Make Claude Argue the Side You Didn't Pick
What it is
A bias-check where, once you're leaning toward a choice, you ask Claude to build the strongest possible case for the option you're rejecting — a genuine steelman, not a token counterpoint — so your decision survives contact with its best objection.
Why it works
By the time you've decided, you're gathering support, not testing the choice, and an agreeable model will happily reinforce you. Asking it to argue the other side hard breaks that loop: it surfaces the real trade-off you glossed over, the context where your choice is wrong, and the assumption you didn't notice you'd made. If your decision survives the steelman, you can commit with confidence; if it doesn't, you just saved yourself an expensive mistake.
When to use it
Consequential, hard-to-reverse decisions; times you notice you're already sure; and whenever a choice 'obviously' beats the alternatives — obviousness is exactly when you're most likely blind.
When not to use it
Low-stakes or easily reversible choices where the analysis costs more than a wrong call, and moments when you need to commit and act rather than reopen a settled question.
Prompt
I'm leaning toward <your choice> over <the alternative>. Argue the opposite as strongly and honestly as you can: make the best real case that <the alternative> is the right call, name the conditions under which it clearly wins, and point out the assumption in my reasoning most likely to be wrong.

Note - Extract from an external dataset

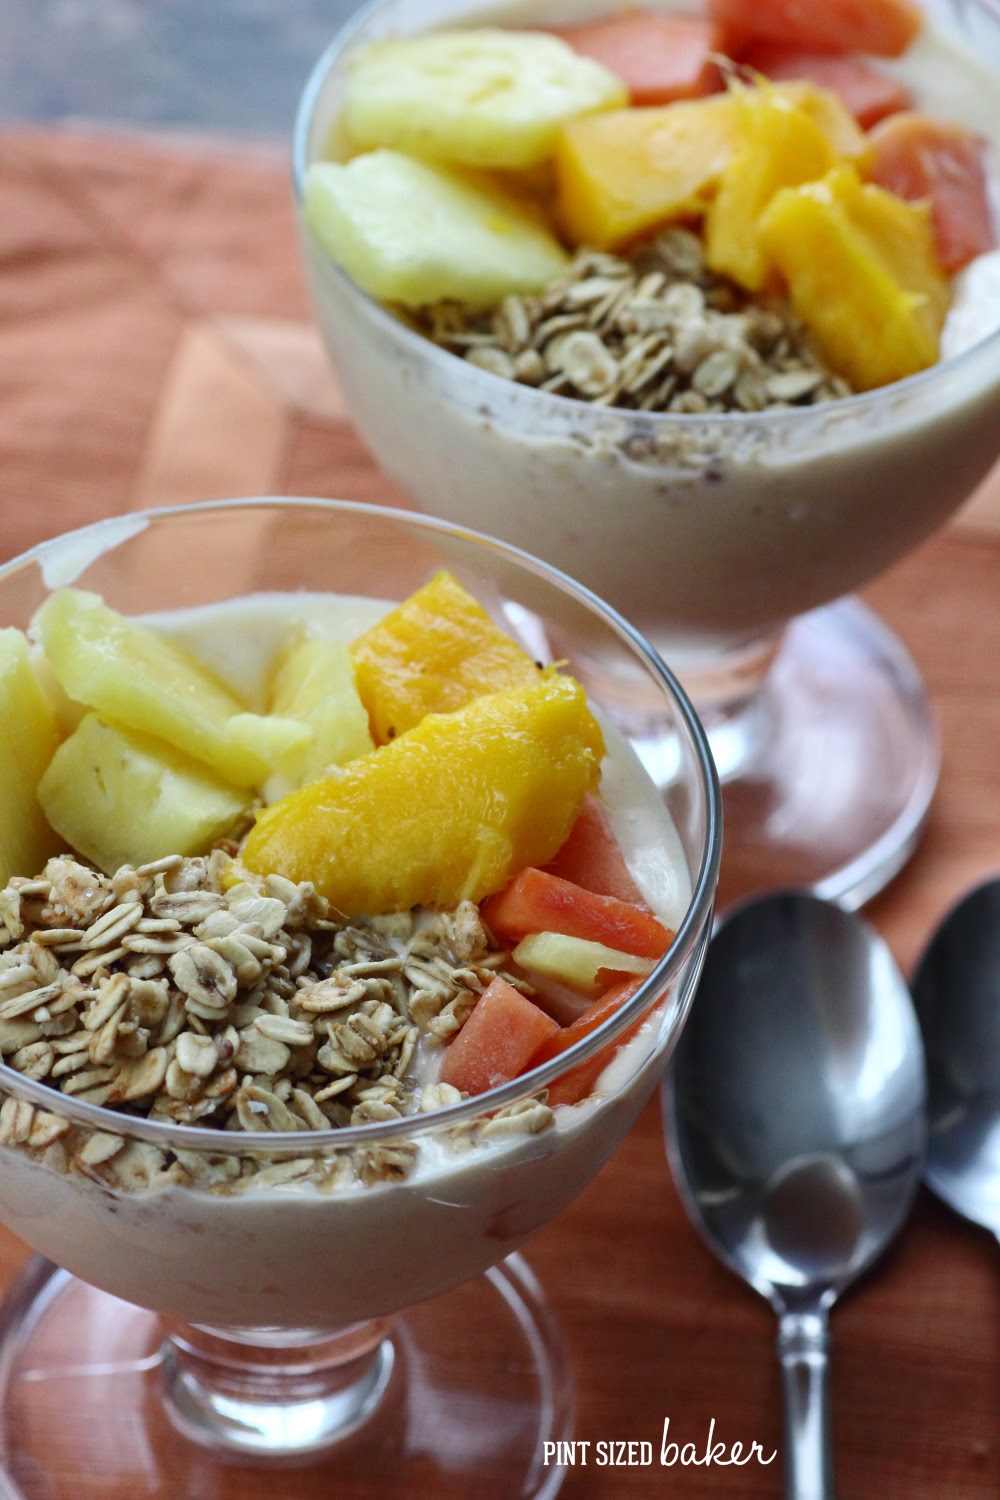 I'm loving these tropical smoothie bowls with fresh pineapple, mango, and papaya with added crunchy granola. It's a great way to fuel up to get the day going.

Don't hedge — steelman it.Example
Set on building a feature in-house, you ask Claude to argue for buying; it makes the maintenance-cost case you'd underweighted and names the assumption ('our needs are unique') as the weak link — you still build, but you scope it far more narrowly.
Advanced version
Have Claude argue every option in turn as if it were the obvious best choice, each with its strongest advocate. Reading them side by side shows you which case is genuinely strongest versus which one merely matched your prior.
Common mistakes
- Accepting a weak, strawman counter-argument and calling it a stress test.
- Using the exercise to endlessly relitigate a decision you actually need to make.
- Only steelmanning after you've already committed resources, when it's too late to matter.